Чтение онлайн

на главную - закладки

Жанры

Слепота и прозрение

Ман Поль де

Шрифт:

В лукачевском требовании тотальности как внутренней необходимости, придающей форму всем произведениям искусства, отчетливо выражен постгегелевский элемент. Единство эллинского переживания мира имело свой формальный коррелят в создании закрытых, тотальных форм, и желание тотальности есть внутренняя потребность человеческого духа. Оно живо в современном, отчужденном человеке, но вместо того чтобы исполниться в простом выражении данного единства с миром, оно превращается в утверждение невозможности вернуть единство. Очевидно, для Лукача идеализированное представление о Греции является удобным способом полагания теории сознания, имеющего структуру направленного движения, что, в свою очередь, предполагает определенное понимание природы исторического времени, к чему мы должны будем вернуться позднее.

Теория романа Лукача убедительно и последовательно вырастает из диалектики жажды тотальности и отчужденного положения человека. Роман становится «эпическим повествованием о мире, из которого устранен Бог».

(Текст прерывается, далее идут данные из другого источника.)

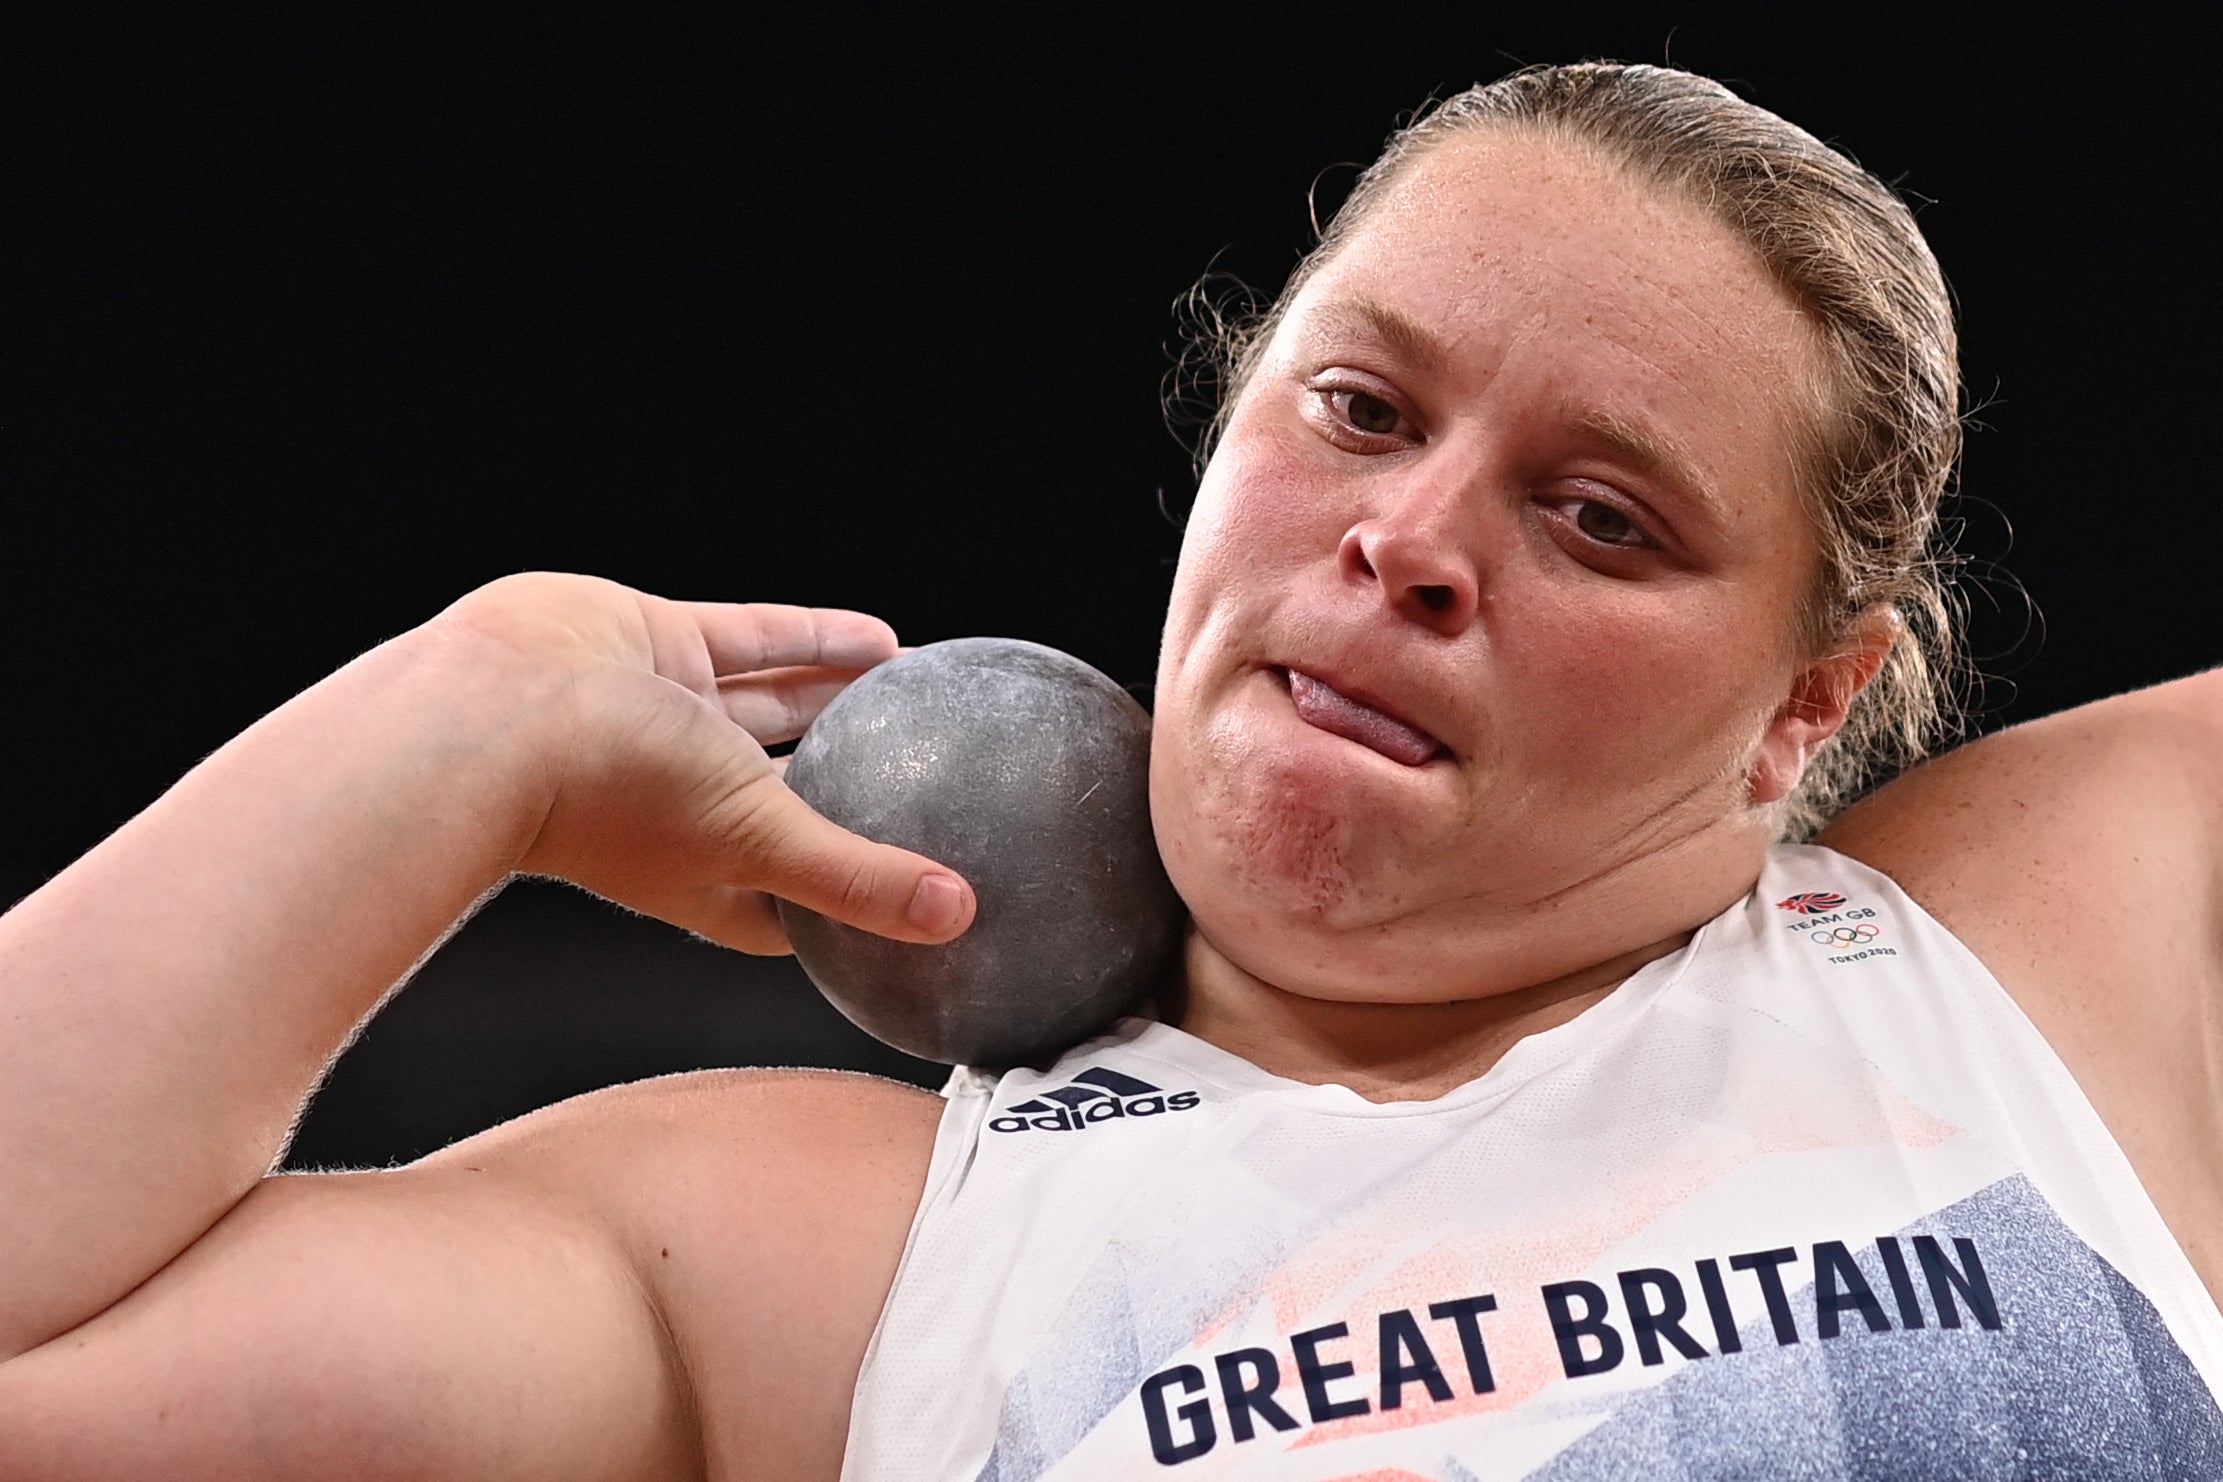 Britain's Sophie McKinna competes in the women's shot put qualification during the Tokyo 2020 Olympic Games at the Olympic Stadium in Tokyo on July 30, 2021

В результате отделения действительного опыта от нашего желания всякая попытка тотального понимания нашего бытия будет противоречить действительному опыту, который с необходимостью остается фрагментарным, частичным и неполным. Разобщение жизни (Leben) и бытия (Wesen) отражено исторически в закате драмы и параллельном восхождении романа. Для Лукача драма является посредником, в котором, как в греческой трагедии, воспроизведены всеобщие категории человеческого бытия. В те моменты истории, когда такой всеобщности нет в действительном опыте, драма совершенно отделяется от жизни, чтобы стать идеальной и иносказательной; немецкий классический театр после Лессинга служит Лукачу примером подобного отступления. Напротив, роман, желая избежать этого наиболее разрушительного типа раздробленности, укореняется в единичности опыта; как эпический жанр, он никогда не может утратить контакт с эмпирической реальностью, которая является неотъемлемой частью его собственной формы. Но во времена отчуждения он вынужден представлять эту реальность как несовершенную, как яростно рвущуюся из ограничивающих ее рамок, как постоянно переживающую неадекватность собственных размеров и формы и стесненную ими. «В романе конституируется не тотальность жизни, но скорее отношение, действенная или ошибочная позиция писателя, который появляется на сцене как эмпирический субъект, во весь свой рост, но также во всей своей ограниченности, как только лишь творение, устремленное к этой тотальности». Таким образом, тема романа с необходимостью ограничена индивидуальностью, разочарованием индивидуума, неспособного достичь всеобщих пределов. Роман зарождается в донкихотской растерянности между миром романтики и миром реальным. Корни более позднего догматического обращения Лукача к реализму следует, несомненно, искать в этом аспекте его теории. Однако во времена «Теории романа» убеждение в необходимости присутствия эмпирического элемента в романе совершенно сознательно, тем более, что оно уравновешивается попыткой преодоления границ реальности.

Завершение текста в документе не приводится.